I’m having a problem where the cluster updates are performing so I’ve gotten into issue where cluster is “Updating/Modifying” and when it tries to create the fargate_profile it errors that the status of the cluster isn’t “Ready”.
In order to fix this I’m utilizing the var.dataplane_wait_duration and increased this to an arbitrary 500s which seems to get me past the issue (only upon creation though).
The reason I did this is because I have timeouts set on the fargate_profile (20m create and 20m delete):
The cluster is ready in just under 8m so the dataplane_wait_duration of 500s does work for creation (but I would think I shouldn’t need this because create is set to 20m.

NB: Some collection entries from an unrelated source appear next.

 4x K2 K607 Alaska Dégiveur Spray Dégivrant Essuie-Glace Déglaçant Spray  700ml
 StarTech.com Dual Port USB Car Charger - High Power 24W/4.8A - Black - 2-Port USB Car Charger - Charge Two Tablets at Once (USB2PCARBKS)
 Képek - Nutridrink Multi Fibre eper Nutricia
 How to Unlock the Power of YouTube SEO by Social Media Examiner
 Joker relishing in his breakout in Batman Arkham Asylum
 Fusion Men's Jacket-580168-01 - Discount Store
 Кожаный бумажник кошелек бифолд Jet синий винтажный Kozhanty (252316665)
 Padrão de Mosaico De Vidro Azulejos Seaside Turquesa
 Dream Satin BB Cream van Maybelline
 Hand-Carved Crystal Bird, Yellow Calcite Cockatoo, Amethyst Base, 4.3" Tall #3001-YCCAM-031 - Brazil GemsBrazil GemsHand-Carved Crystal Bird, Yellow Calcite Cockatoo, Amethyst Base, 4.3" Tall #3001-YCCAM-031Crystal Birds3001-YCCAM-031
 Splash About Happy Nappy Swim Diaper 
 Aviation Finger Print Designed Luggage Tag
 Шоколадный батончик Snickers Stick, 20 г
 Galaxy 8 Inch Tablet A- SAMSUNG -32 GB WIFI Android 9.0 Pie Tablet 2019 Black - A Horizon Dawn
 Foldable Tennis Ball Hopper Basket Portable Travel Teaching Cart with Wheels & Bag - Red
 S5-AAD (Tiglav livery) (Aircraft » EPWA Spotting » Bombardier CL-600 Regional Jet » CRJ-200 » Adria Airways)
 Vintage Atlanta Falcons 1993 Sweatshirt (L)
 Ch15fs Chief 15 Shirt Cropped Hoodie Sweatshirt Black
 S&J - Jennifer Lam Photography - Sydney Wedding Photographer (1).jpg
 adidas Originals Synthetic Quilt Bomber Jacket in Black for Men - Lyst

However this doesn’t help now with destroy, running into the same problem that the cluster is performing some “Updates” as it destroys pieces of itself and I end up getting:
│ Error: deleting EKS Fargate Profile (dev-use1-100:karpenter): operation error EKS: DeleteFargateProfile, https response error StatusCode: 409, RequestID: REDACT, api error ResourceInUseException: Cannot Delete Fargate Profile karpenter because cluster dev-use1-100 currently has update REDACT in progress
│
│
So my first question is why would the timeouts set on the fargate profile not work for creation and deletion (rather than needing to set arbitrary dataplane_wait_duration and second is how can I leverage a delay for the deletion of the fargate_profile to do the same wait.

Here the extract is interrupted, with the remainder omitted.